The biggest Problem with the other answers is that they use pybind and the raw Python interface at once. With pybind you can use a simpler and nicer interface to the Interpreter.
Following a implementation which should solve your Problem.
The first thing you will notice is that we use the "embed.h" Header file.
This gives us the Functions to create embedded Modules.
Further down we use the PYBIND11_EMBEDDED_MODULE
instead of the regular PYBIND11_MODULE
or the outdated PYBIND11_PLUGIN
. This is a Macro specifically for embedding.
The next interesting part are the types we define for our structure. Besides the Dog
Type we also use the shared_ptr<Dog>
. This is crucial for dealing with instances. When the main
module goes out of Scope and starts cleaning up it needs to know that the Class/Struct was of type shared_ptr otherwise you will get a seg fault (Raw Pointers are not usable here, I personally think this a good thing).

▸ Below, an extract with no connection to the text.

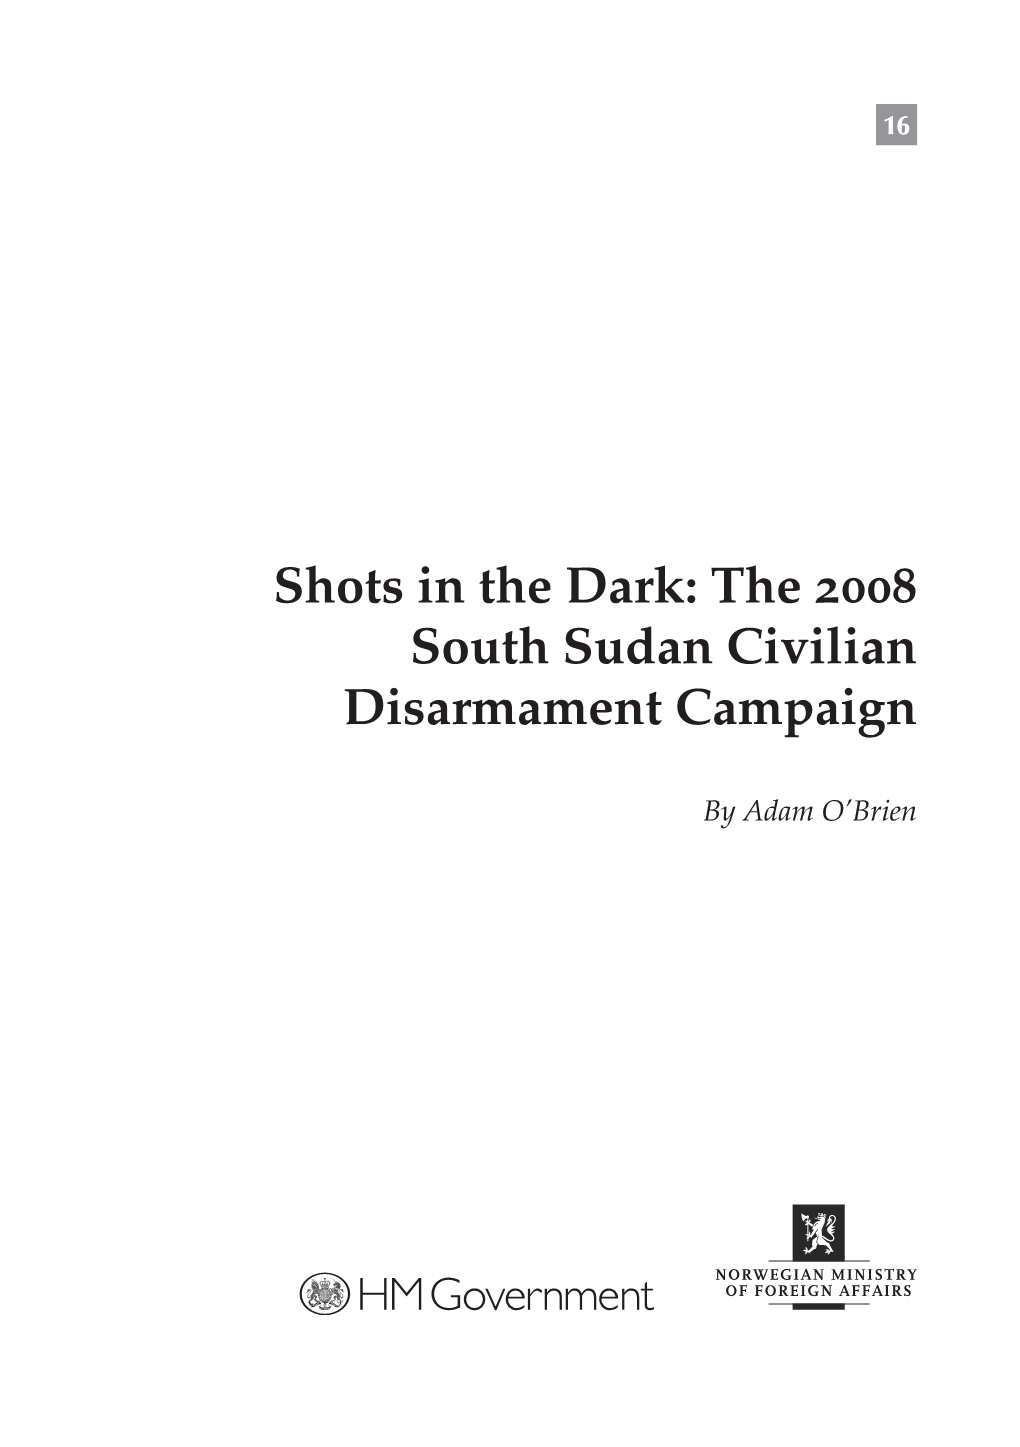 The 2008 South Sudan Civilian Disarmament Campaign

The last thing to point out is that we actually use the class pybind11::scoped_interpreter
for our interpreter and don't use the Raw Python interface.
#include"pybind11\pybind11.h"
#include"pybind11\embed.h"
#include<iostream>
namespace py = pybind11;
struct Dog {
void bark() { std::cout << "Bark!\n"; }
};
PYBIND11_EMBEDDED_MODULE(DogModule, m) {
// look at the types! we have a shared_ptr<Dog>!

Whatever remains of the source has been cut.